In this embodiment, a migration learning method is used, a word vector obtained by pre-training based on a large amount of financial corpus is used to optimize an existing named entity recognition technology (including but not limited to LSTM + CRF, etc.), which is used to extract a company name, and a part-of-speech analysis algorithm is used to extract an association relationship, so as to obtain a triple (S, P, O) (S is a subject representing a main entity, O is an object representing a guest entity, and P is a prefix representing a relationship between two entities) of the association relationship (S, P, O), thereby achieving the purpose of rapidly extracting and analyzing an association relationship of an enterprise.
In this embodiment, in particular, the use of LSTM + CRF for named entity recognition is currently the most common scheme.
In named entity recognition, if sequence tagging is performed with LSTM (LONG-SHORT TERM MEMORY network) alone, it is well understood, which is equivalent to classifying each token in a text sequence to obtain its tag label.
However, the light labeling with LSTM has a problem that the arrangement layout of the general predicted result does not conform to the habit of normal people, and generally the arrangement layout generated by LSTM is relatively rare in normal language expression, i.e. the probability is relatively low. Therefore, the presence of a layer of CRF (conditional random field) is intended to allow the model to learn some constraints similar to those used by normal persons.
In this embodiment, named entity recognition is a typical task of natural language processing, and aims to mark which word (or words) is/are an entity name and its entity type (such as a person name, a place name, an organization name, etc.).
Fig. 5 is a flowchart of a method for extracting an enterprise association relationship based on migration learning and named entity identification according to an embodiment of the present invention, as shown in fig. 5, the method includes the following steps:
step S501, input enterprise text data is preprocessed, and a main entity company can be generally obtained.
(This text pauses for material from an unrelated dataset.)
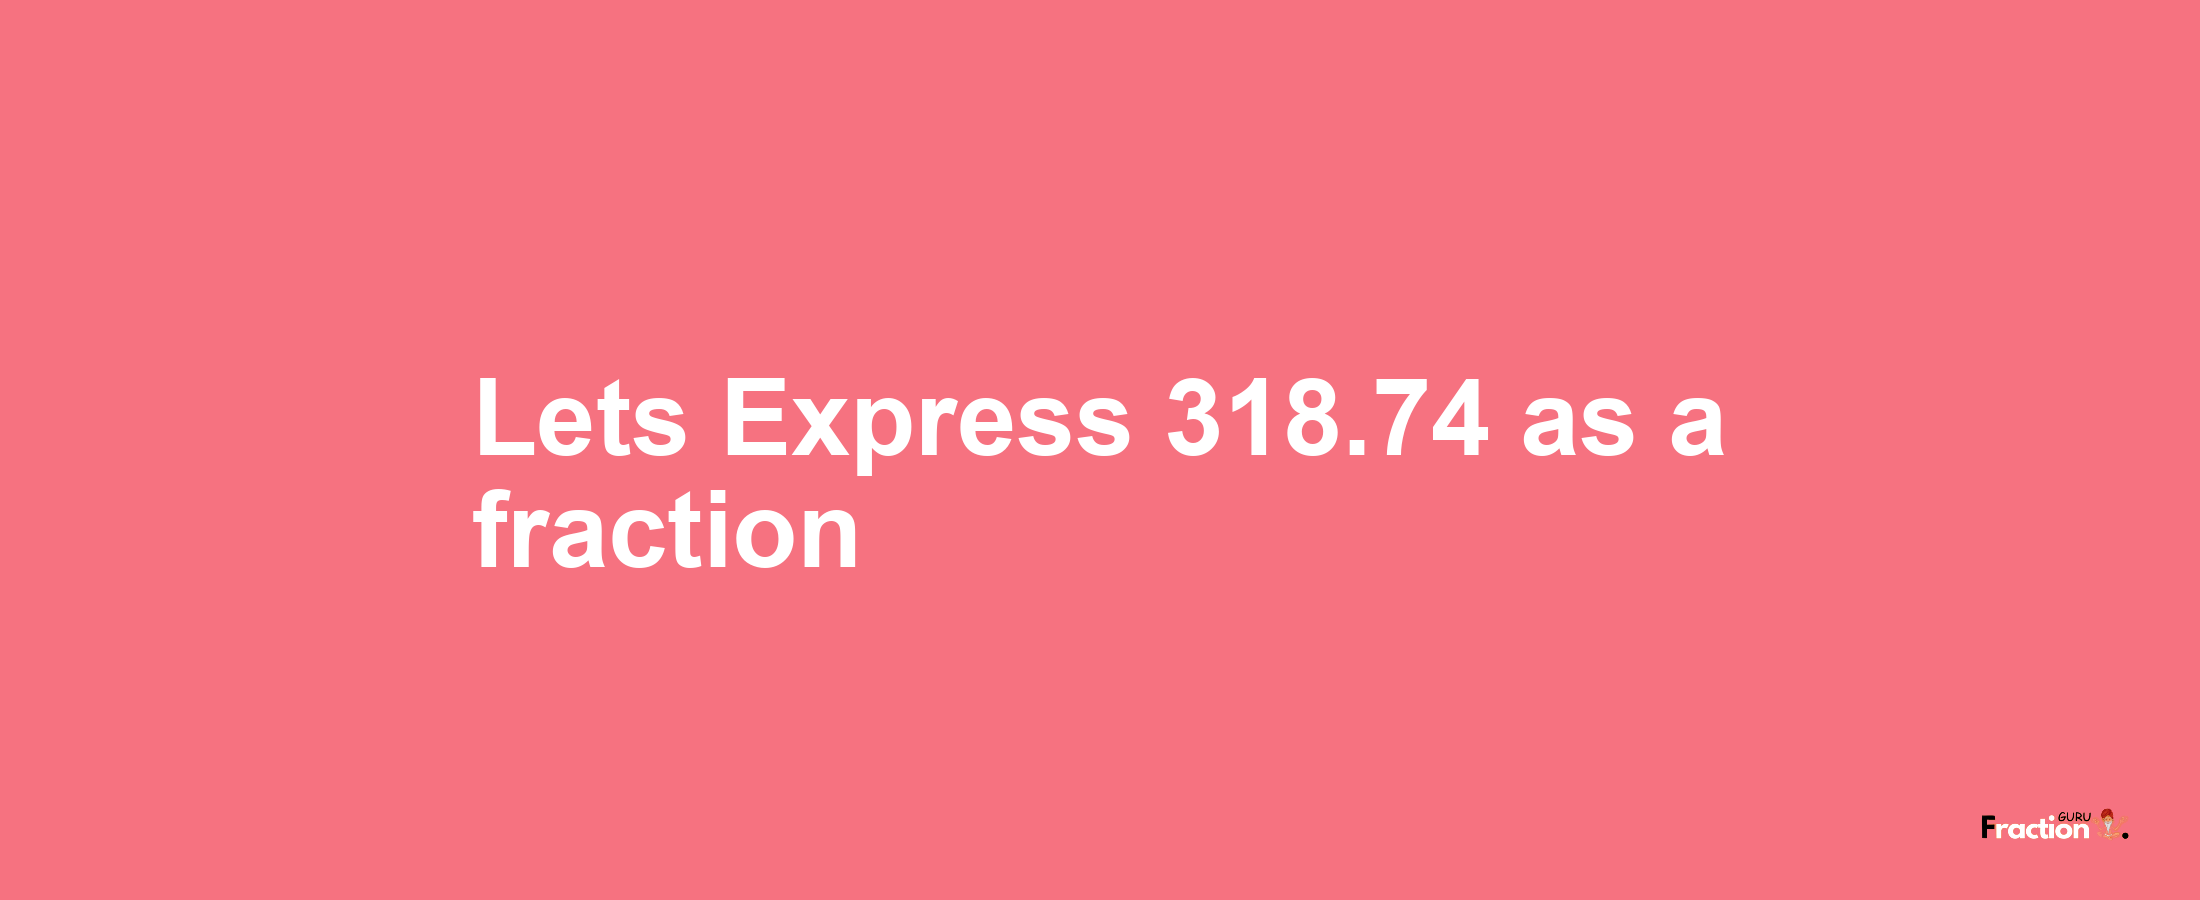 Lets Express 318.74 as afraction

Table 1 is a table of prepaid data in enterprise text after data preprocessing according to an embodiment of the present invention.
Figure BDA0002954670580000051
Figure BDA0002954670580000061
Figure BDA0002954670580000071
TABLE 1
Step S502, based on the mass financial text corpora, a word vector of a financial word stock (mainly a company name word stock) is obtained by using a transfer learning algorithm (including but not limited to a text feature extraction algorithm, a pre-training model algorithm and the like).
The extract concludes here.